Renowned French-Armenian artist Jean Kazandjian will present his latest collection, Best of Both Worlds: An Exhibition of the Collected Works of Jean Kazandjian, hosted at the Embassy of Armenia in Washington, D.C. as part of the D.C. Francophonie Festival, which runs from Sunday, March 6 through Friday, March 31. The exhibit will be on public display every Friday beginning Friday, March 17 through Friday, April 7. For public exhibition hours, contact Anita Issagholyan with the Embassy of Armenia at armembassyusa@mfa.am.
“Jean Kazandjian has succeeded for decades in representing the best of both worlds by the intricate melding of Armenian and French culture and history throughout his art practice. Kazandjian’s thought provoking and optimistic critiques on society are articulated through the surrealistic tradition which he so ardently preserves. Jean has created his own magnificent universe through this art–one that encompasses many exciting worlds within it and leaves his viewers fulfilled and nostalgic,” expressed Ambassador Grigor Hovhannissian, of the Embassy of Armenia.
Jean Kazandjian’s origins and education brought him into contact with three different cultures. His roots are in the Armenian tradition, his high school education introduced him to French culture, while his years spent at university opened him to the influence of the English-speaking world. These various influences have combined to foster in his work the qualities of patience and sensibility, knowledge and wisdom.
After his “freshman arts” year in 1960, Kazandjian was unanimously awarded the fist prize for his submission in a special competitive exhibition for tapestry, organized by the Sursock Museum of Beirut in 1962. Spurred on by his desire to become familiar with the techniques and the materials peculiar to the cultural world in which he had grown up, he embarked on studies in design. In 1968, he gained a master’s degree from ENSAD in Paris, a well-known publicly funded school for applied arts. In the aftermath of the political and social turbulence of 1968 Paris, Kazandjian came to a clearer sense of his capacities as an artist. The beginning of his career as a painter can thus be located in the year 1969. Recognition of Kazandjian’s talent in the Paris art world was immediate.
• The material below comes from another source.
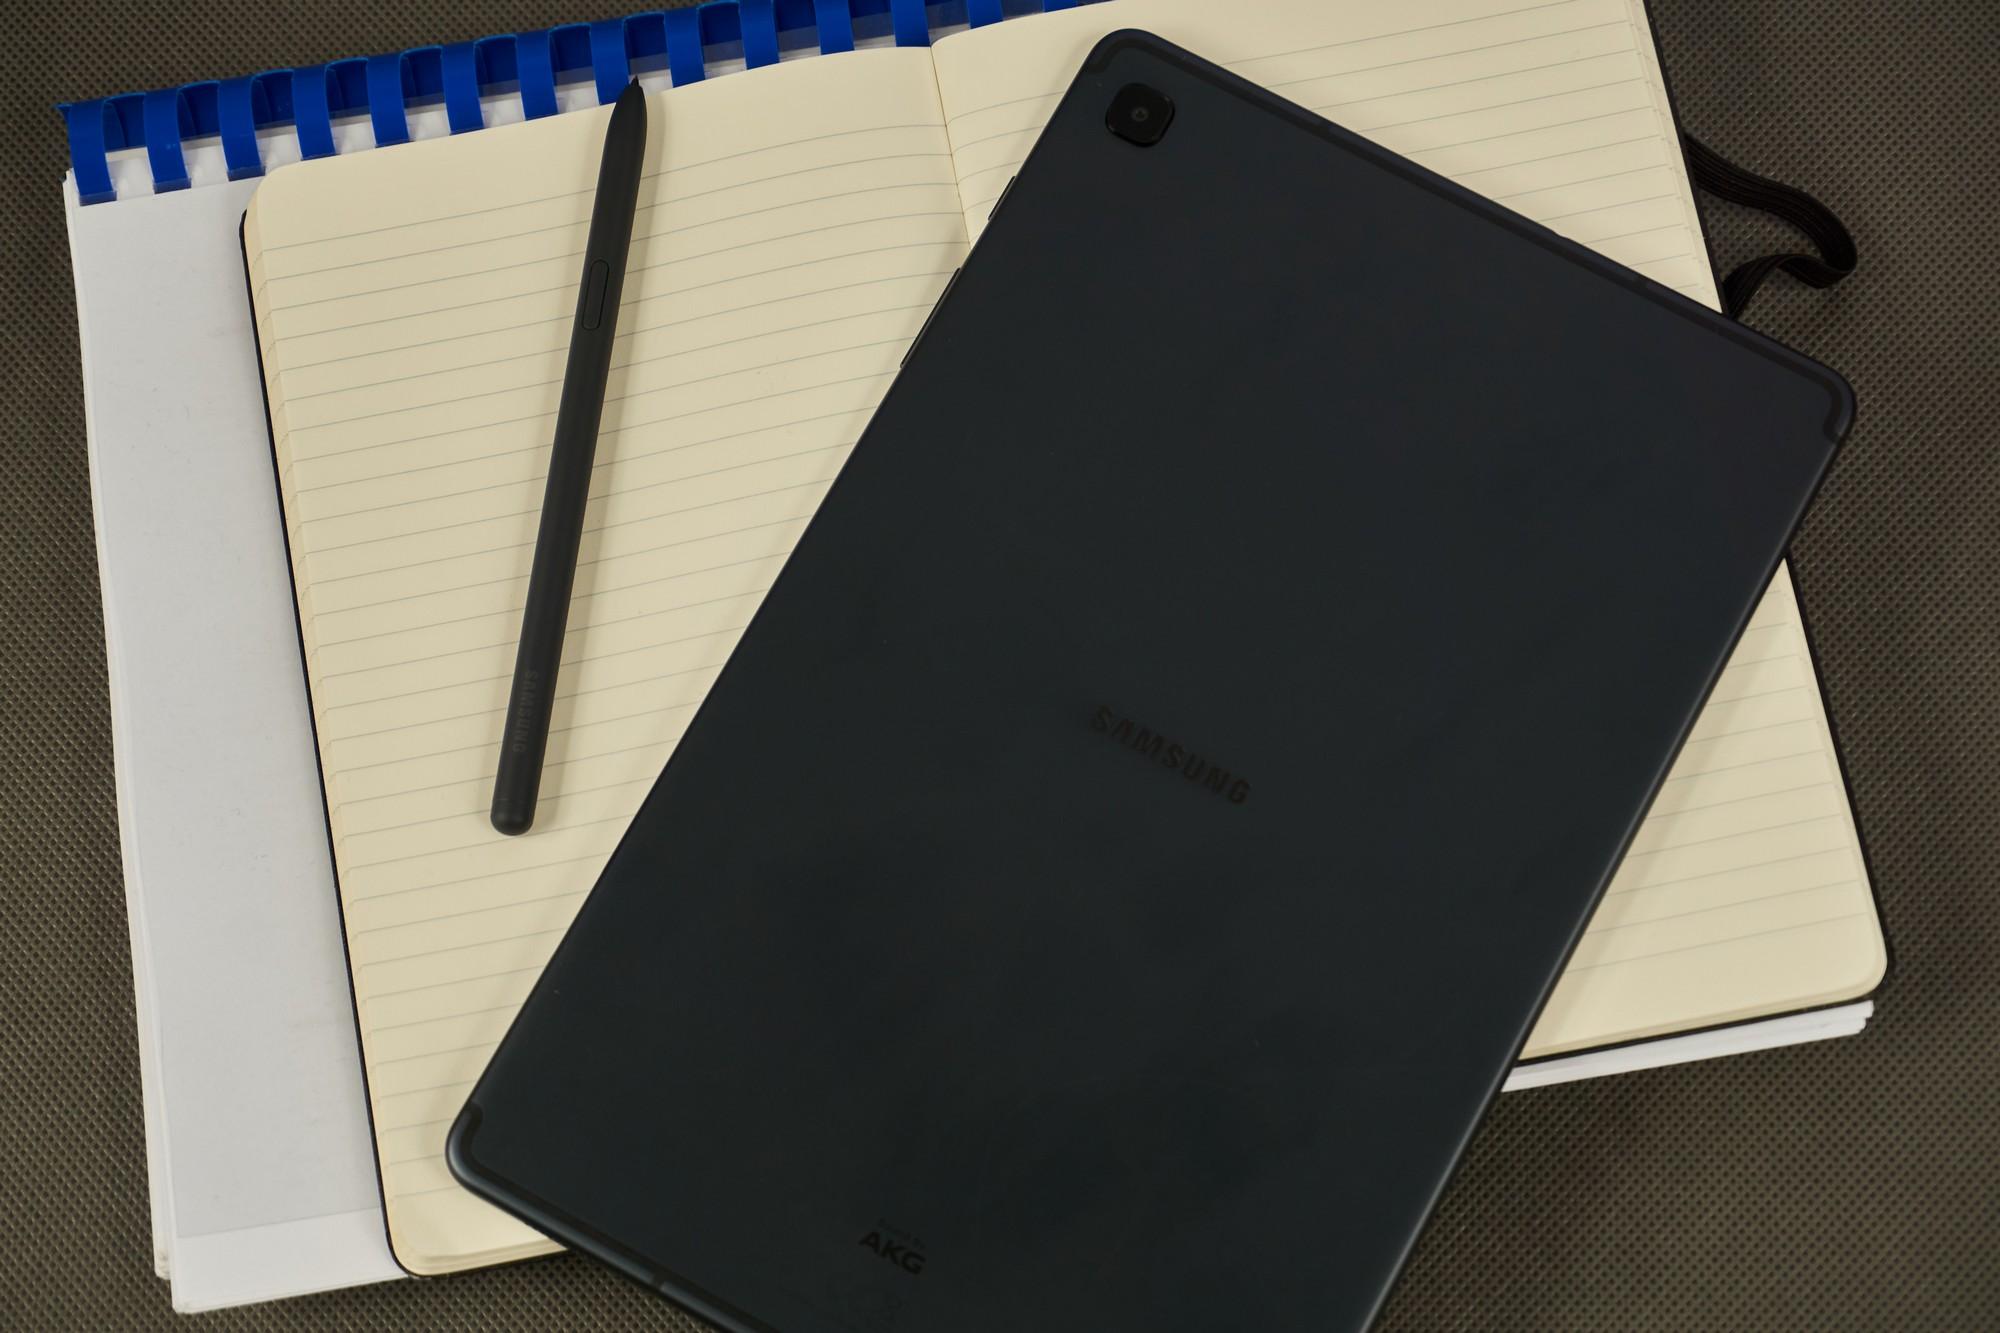 Samsung Galaxy Tab S6 Lite - świetny wybór do dwóch tysięcy złotych (recenzja)
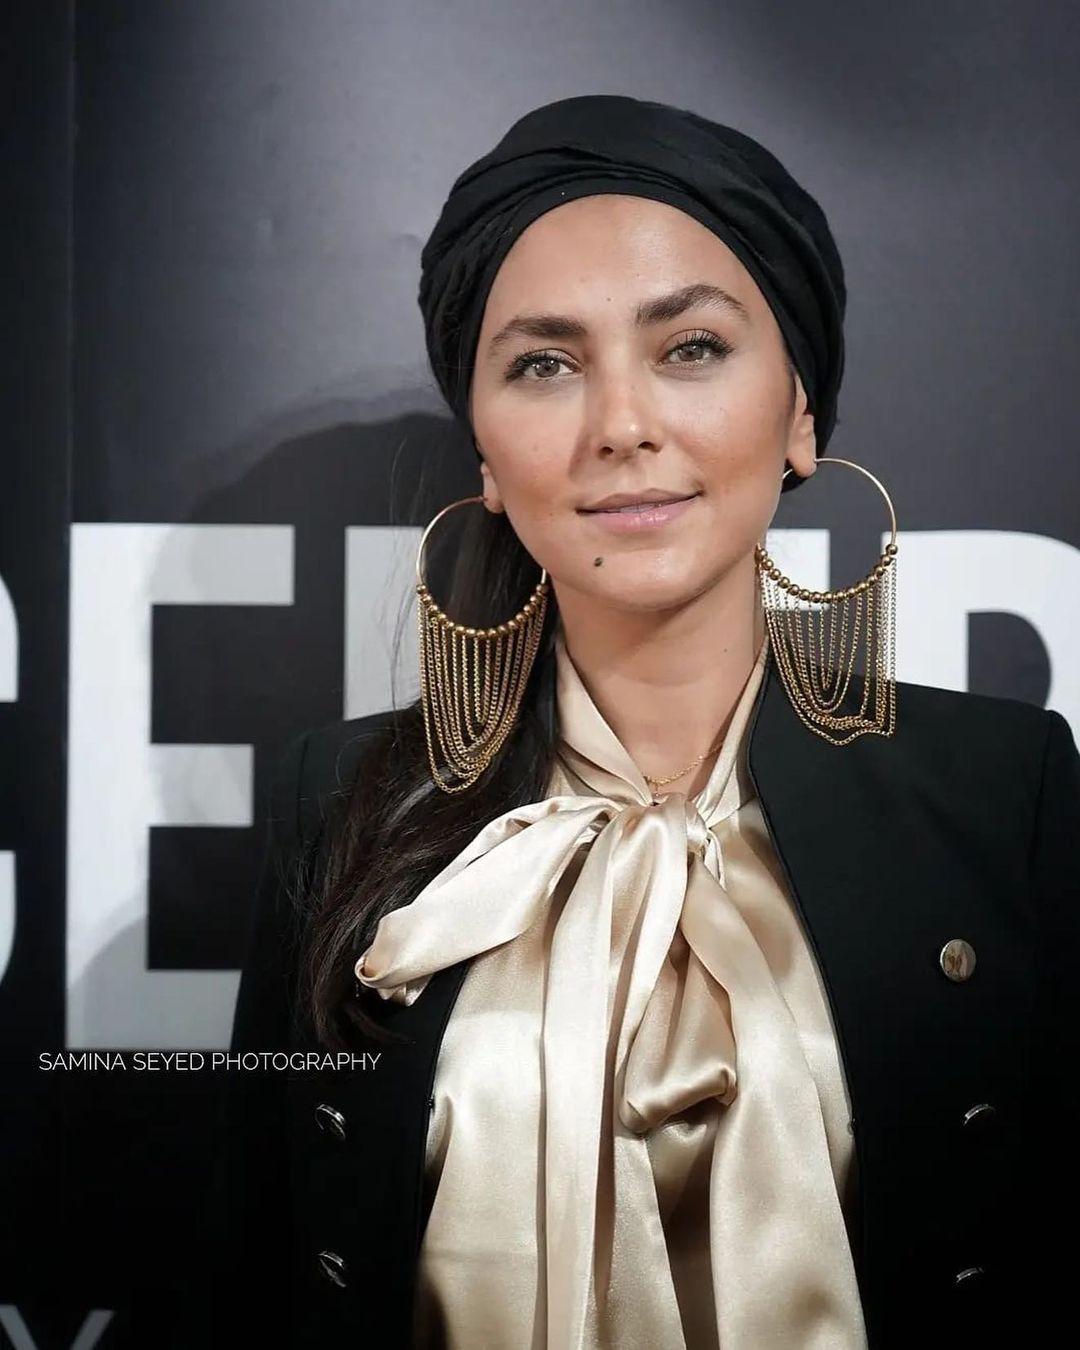 پوشش و جواهرات متفاوت بازیگر ایرانی در ونیز

The late sixties and early seventies was a period during which he met painters as remarkable and as diverse as Giorgio de Chirico, Salvador Dali, Leonardo Cremonini, Francis Bacon and Alexander Calder. The effect of this exposure to such a diversity of influences and artistic projects was to consolidate his sense of the need to remain faithful to the artistic interrogations proper to him. Kazandjian has exhibited his works in several European countries and also in Canada and the United States.
A native of Beirut, Lebanon, Kazandjian relocated to Paris, France in his early twenties, where his reputation flourished and he became prominent both in Paris and internationally. He has exhibited his work at many of the world’s most notable galleries, including the legendary Furstenberg Gallery in Paris, and alongside fellow influential surrealist artists including Hans Bellmer, Giorgio de Chirico, Wifredo Lam and Salvador Dalí, to name a few. Today, Kazandjian splits his time between Los Angeles and Paris. He is still considered one of the most avant-garde and venerable figures of the post-surrealist era.